=== Begin Enclosure ===

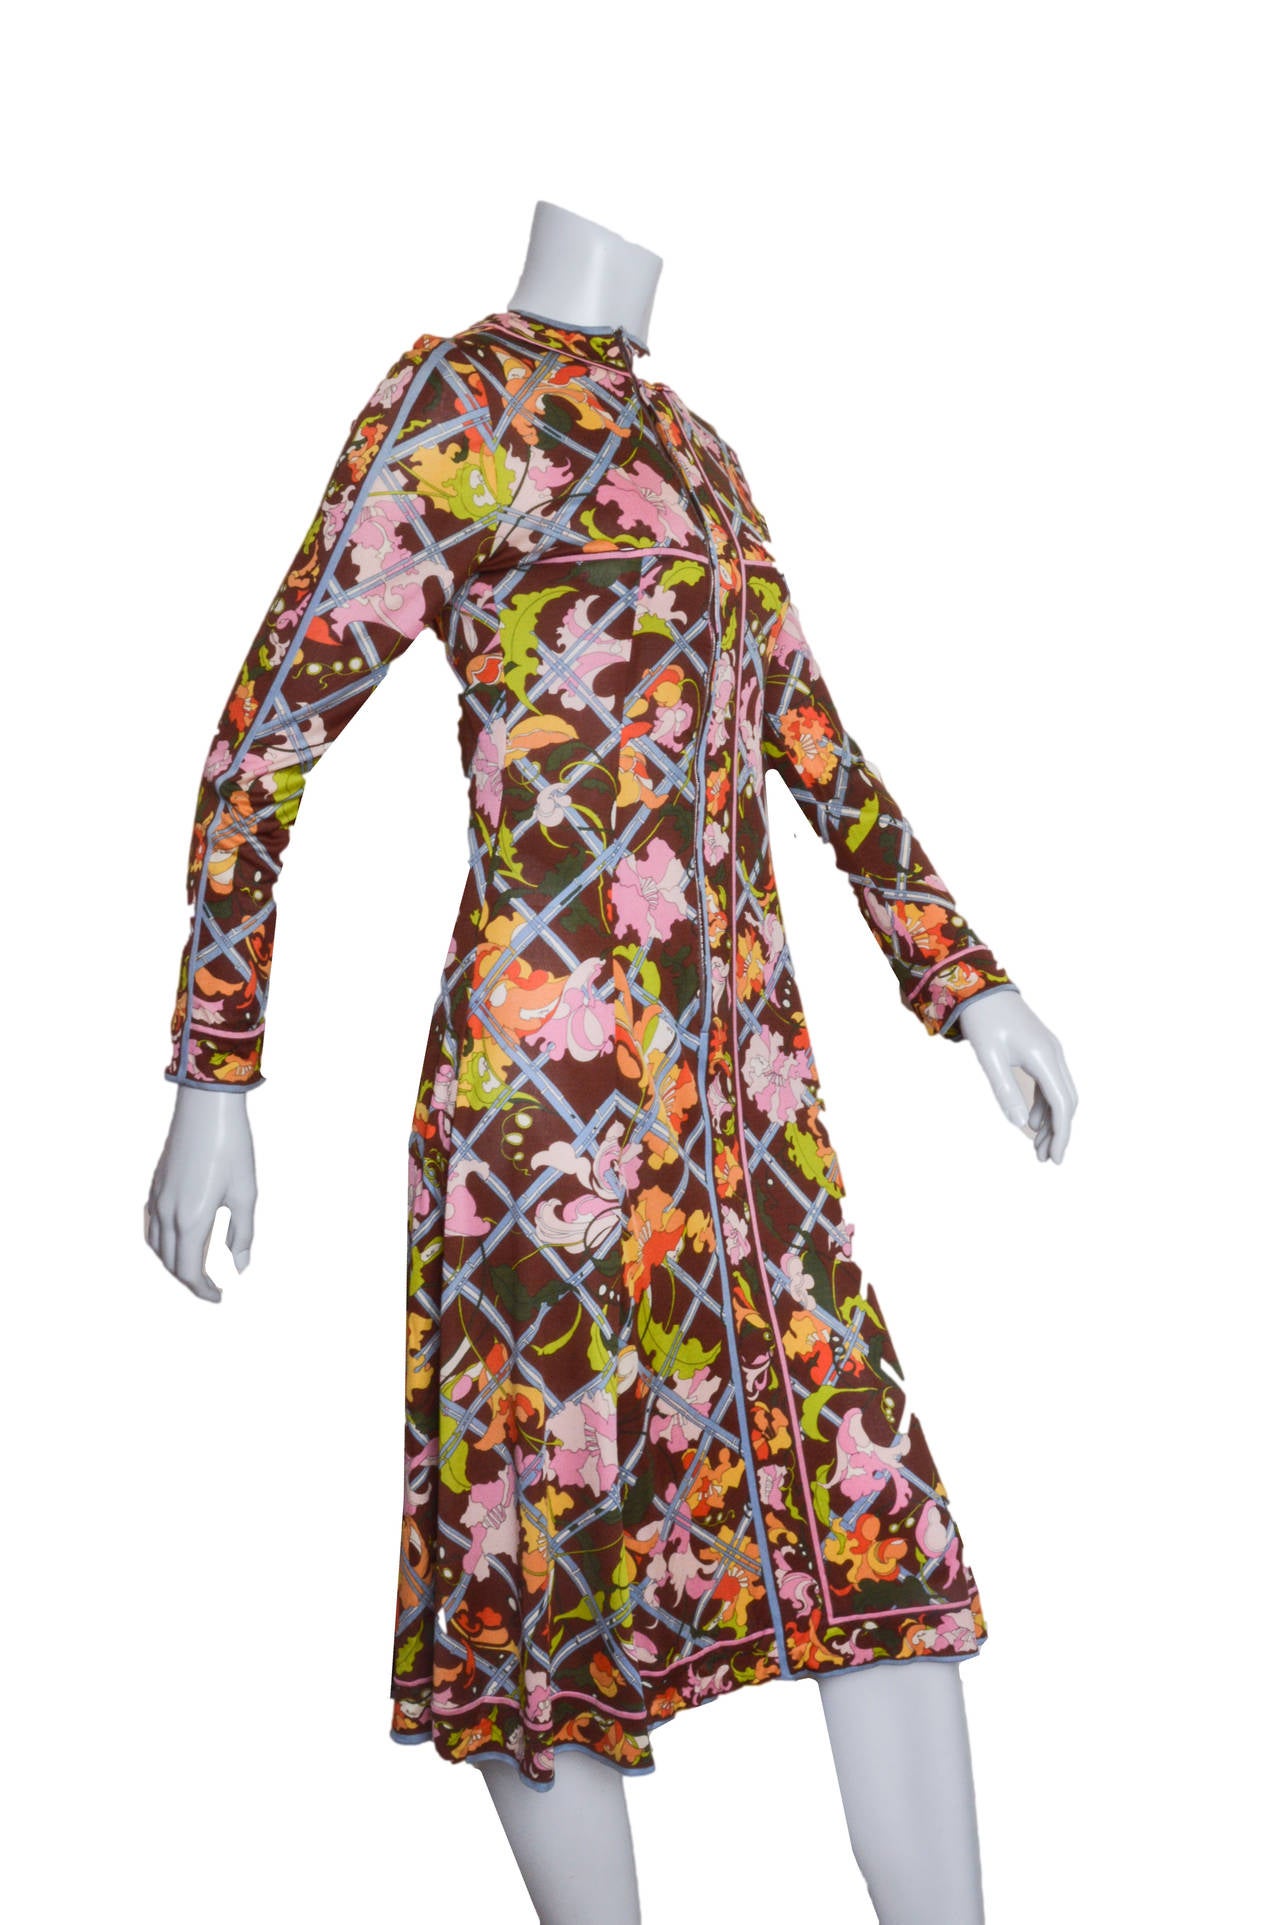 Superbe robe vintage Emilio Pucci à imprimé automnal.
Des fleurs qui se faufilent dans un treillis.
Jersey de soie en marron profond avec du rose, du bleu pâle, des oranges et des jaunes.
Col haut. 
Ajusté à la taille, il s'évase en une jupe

=== End Enclosure ===

WHAT YOU ARE ASKED TO DO → The entries are to be transcribed word for word, without their images.

TASK RESULT →
 Superbe robe vintage Emilio Pucci à imprimé automnal.
Des fleurs qui se faufilent dans un treillis.
Jersey de soie en marron profond avec du rose, du bleu pâle, des oranges et des jaunes.
Col haut. 
Ajusté à la taille, il s'évase en une jupe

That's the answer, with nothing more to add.